■ **Work instruction**: Restate the data word for word and leave the images out.

■ **Provided data**:
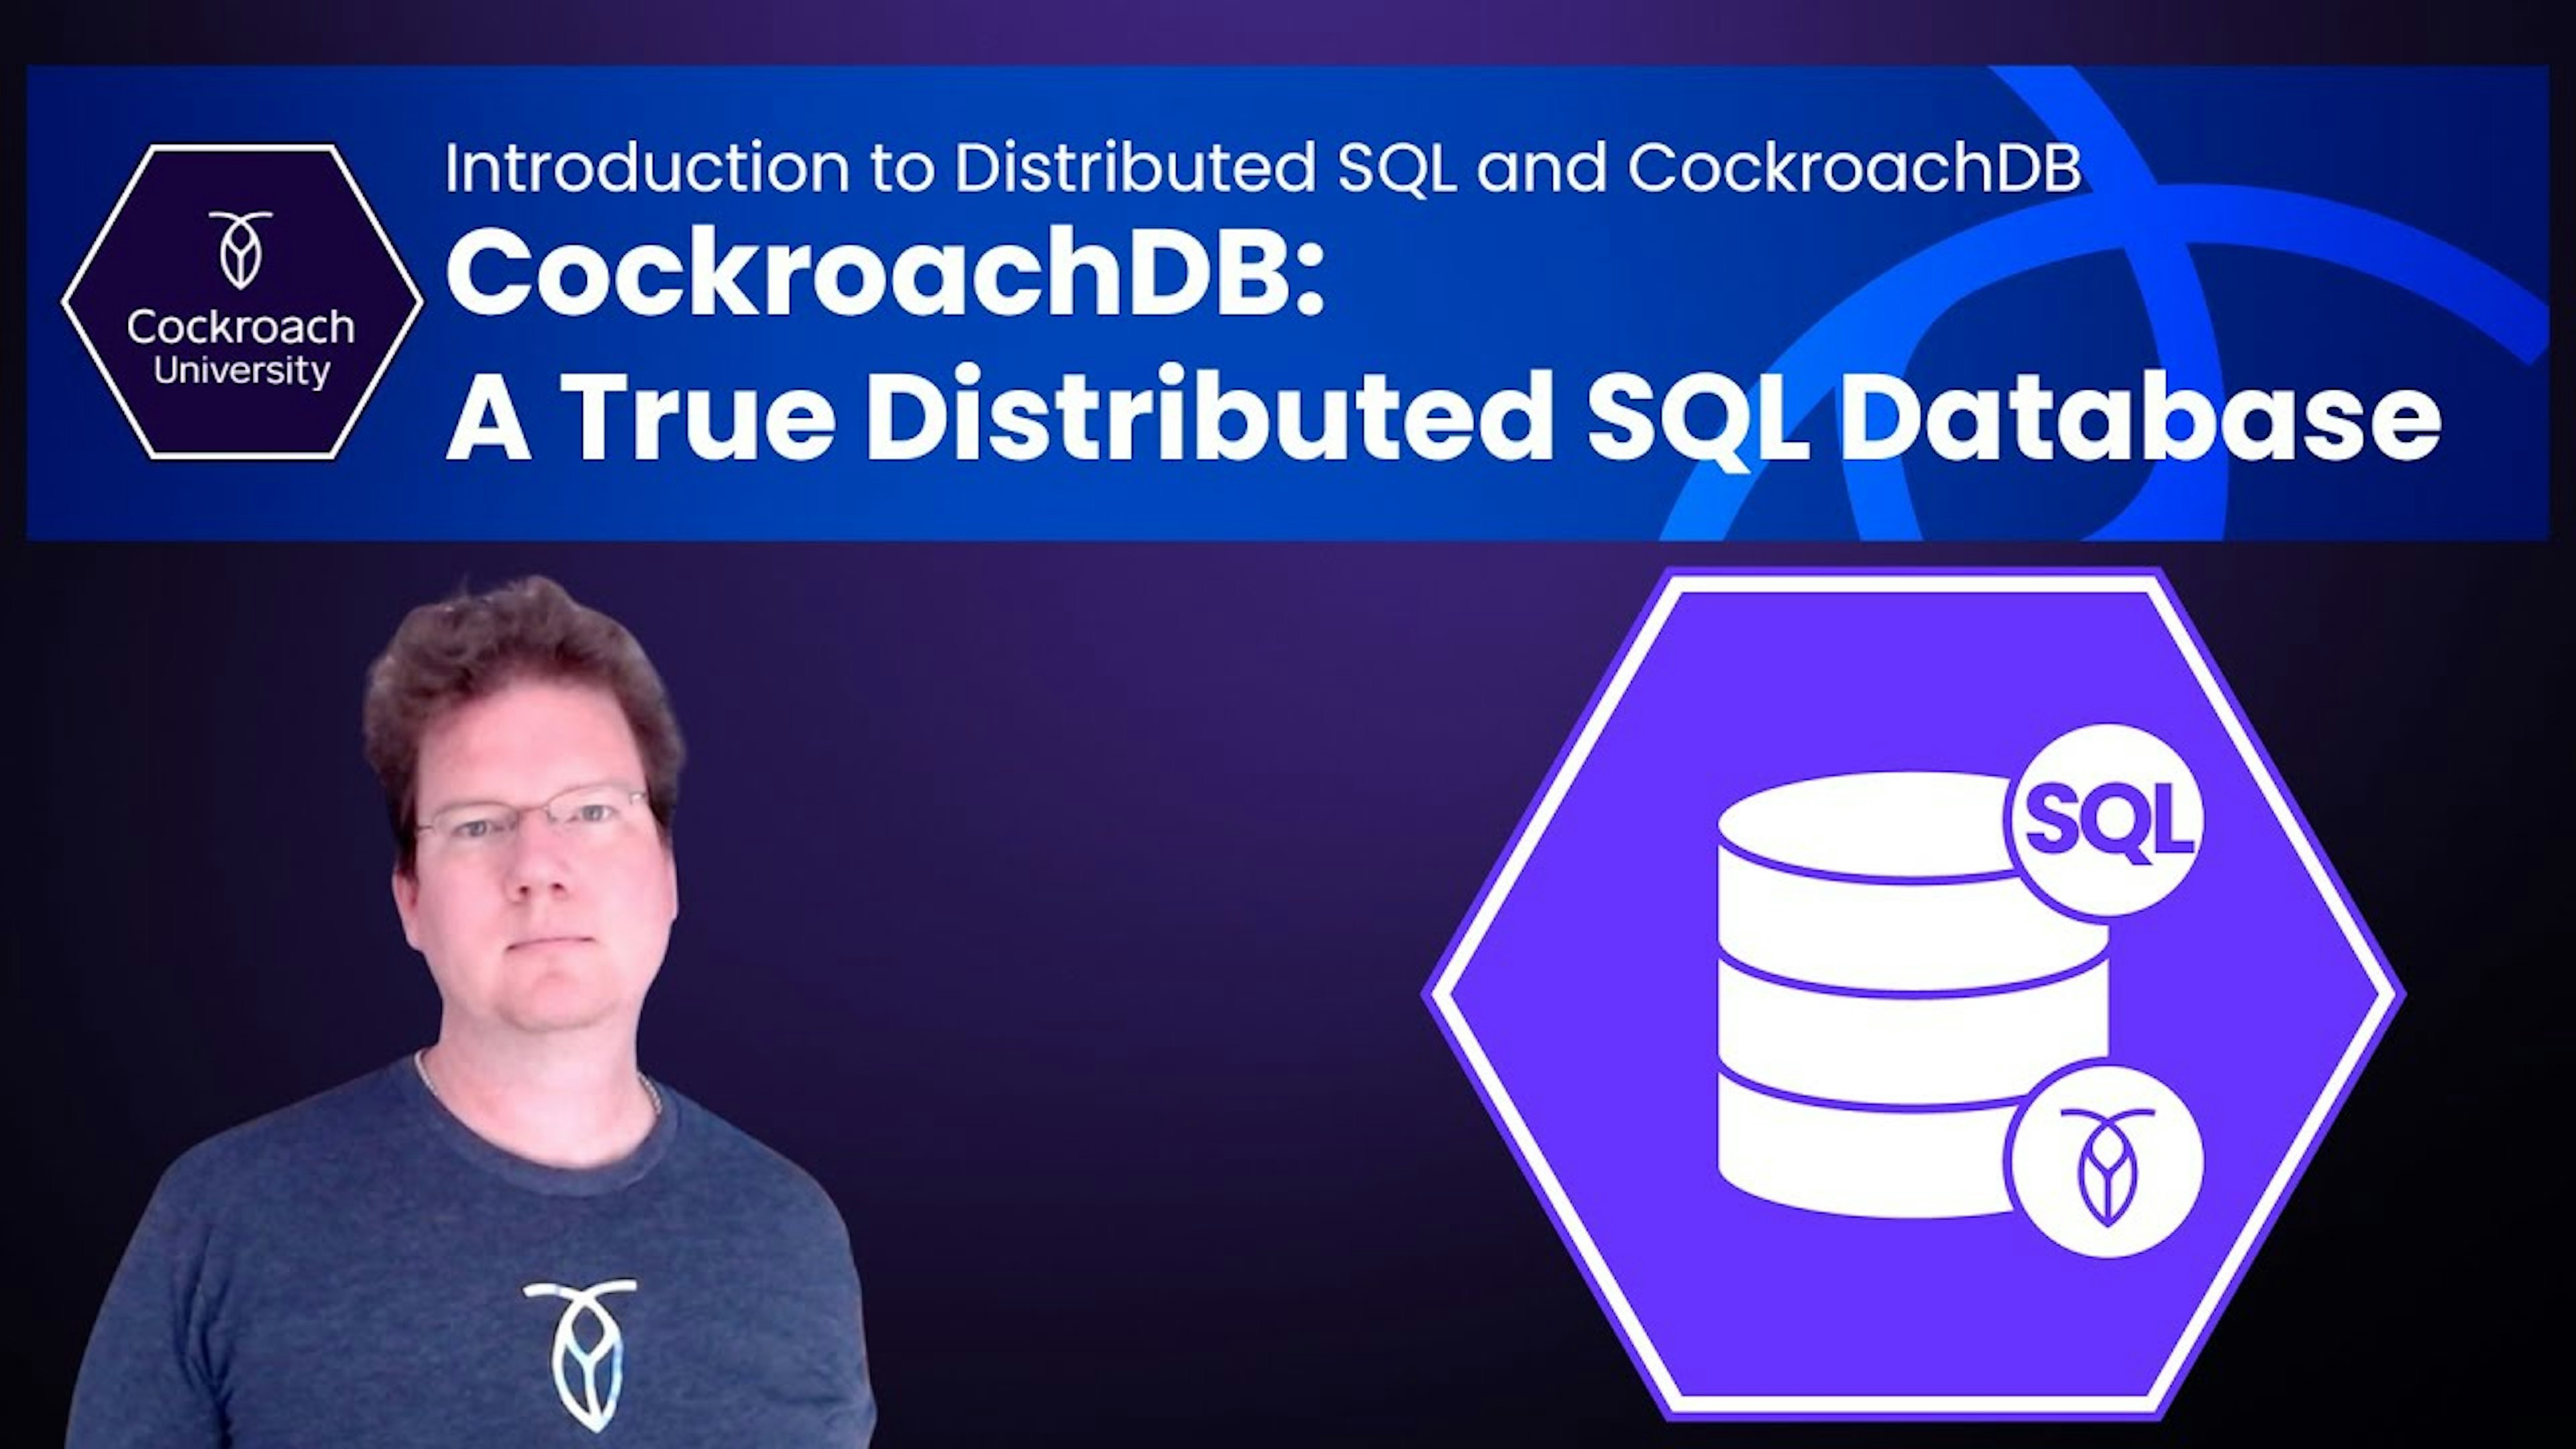 A True Distributed SQL Database
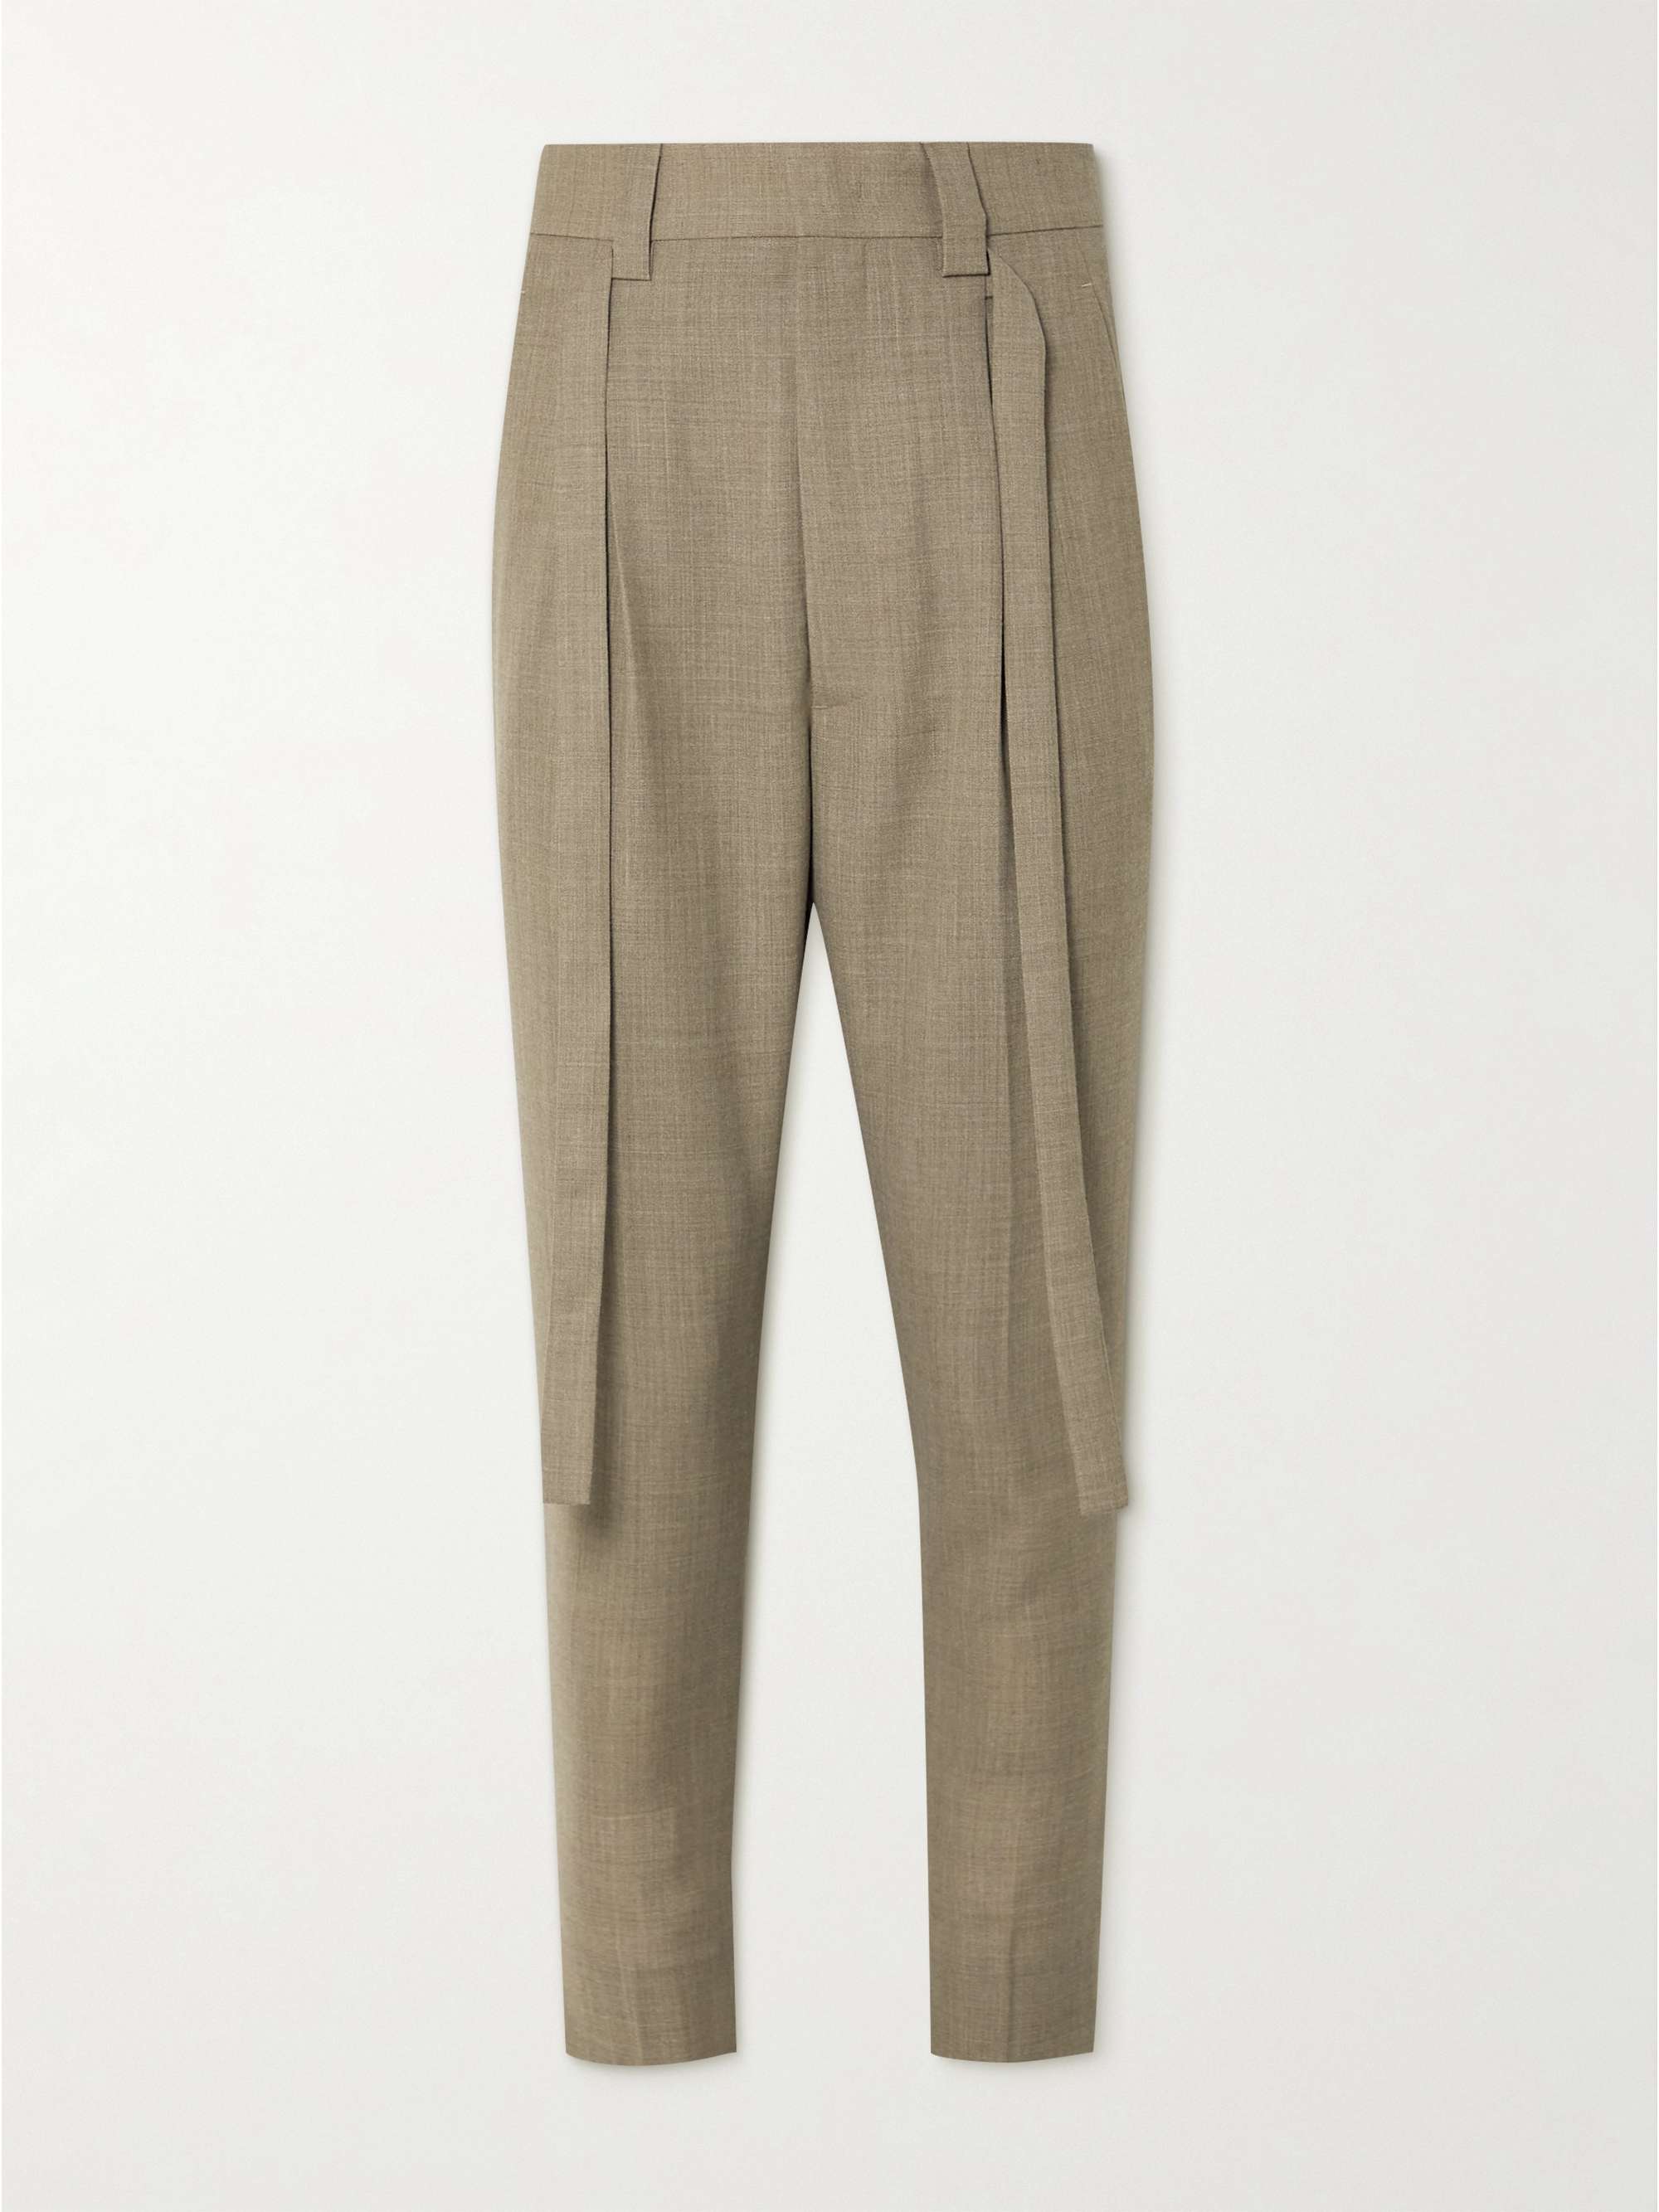 FEAR OF GOD Tapered Pleated Belted Wool Trousers
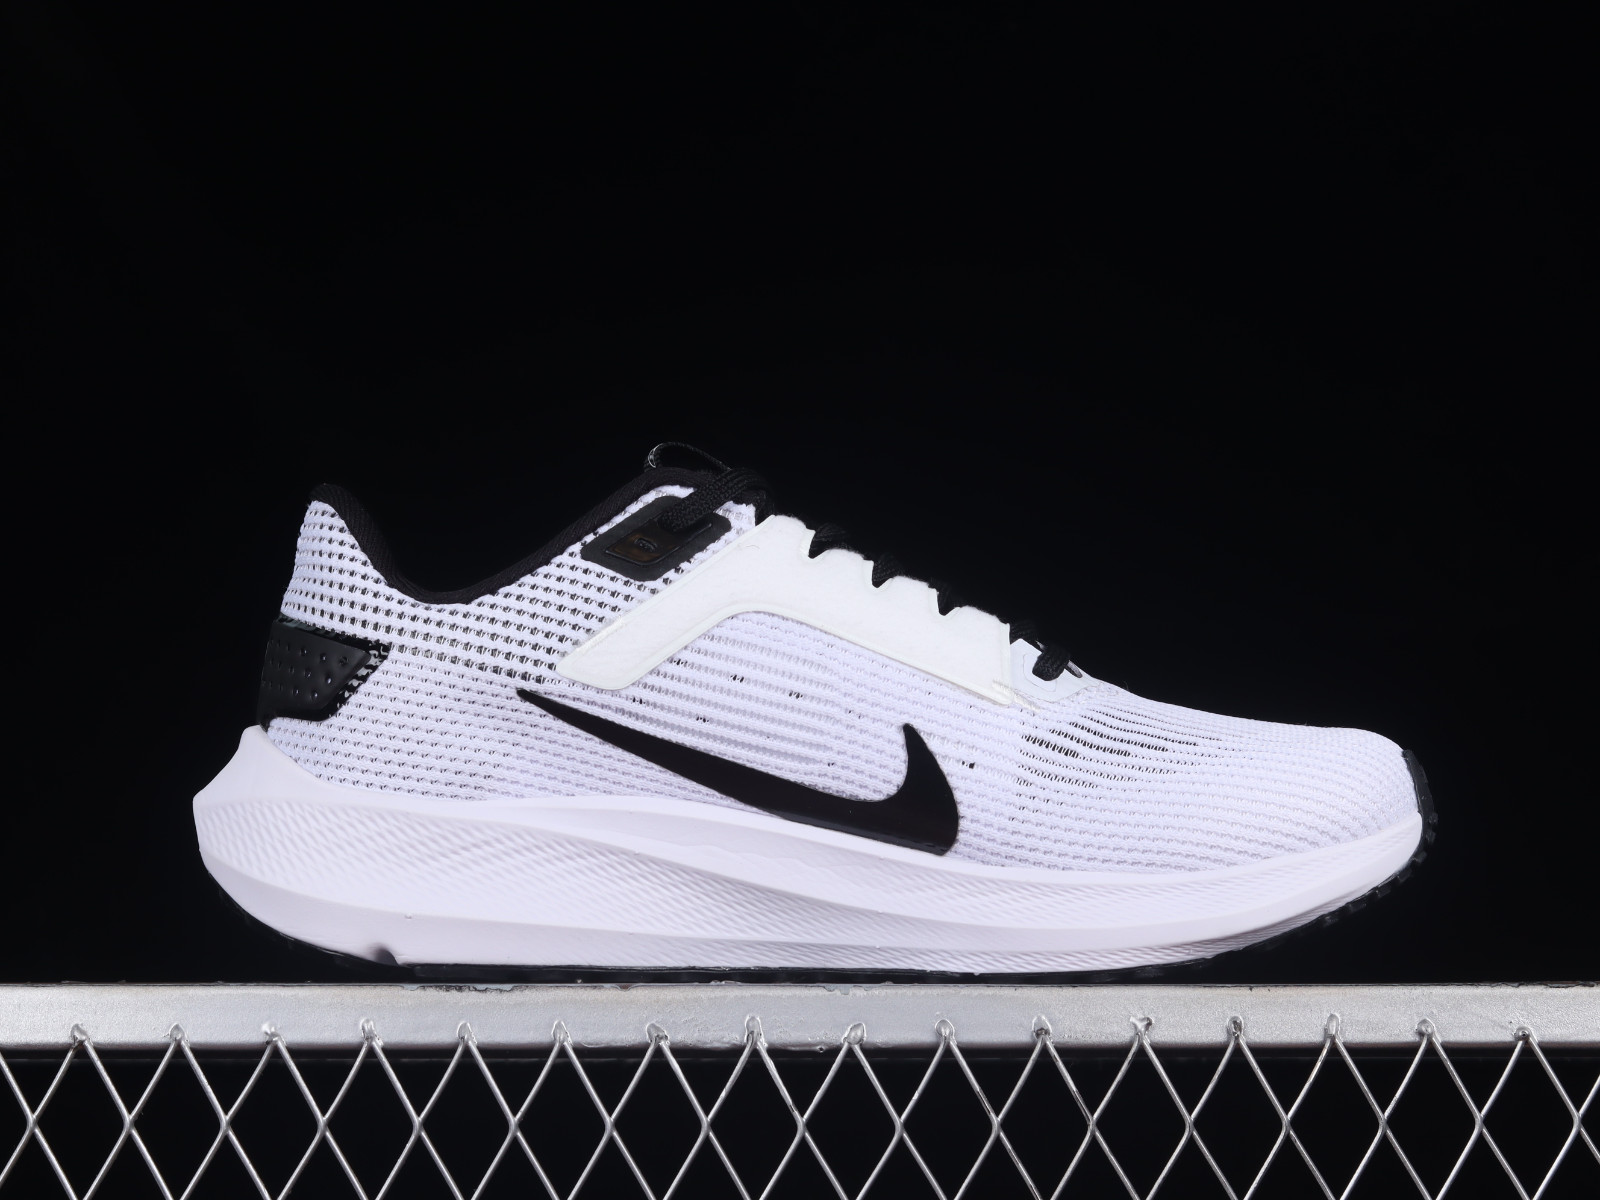 Seem Accusation Literacy Nike Air Zoom Pegasus 40 White Black DV3854 - MultiscaleconsultingShops -  nike air thin sole sneakers shoes sale - 102

■ **Result of the task**:
 A True Distributed SQL Database
 FEAR OF GOD Tapered Pleated Belted Wool Trousers
 Seem Accusation Literacy Nike Air Zoom Pegasus 40 White Black DV3854 - MultiscaleconsultingShops -  nike air thin sole sneakers shoes sale - 102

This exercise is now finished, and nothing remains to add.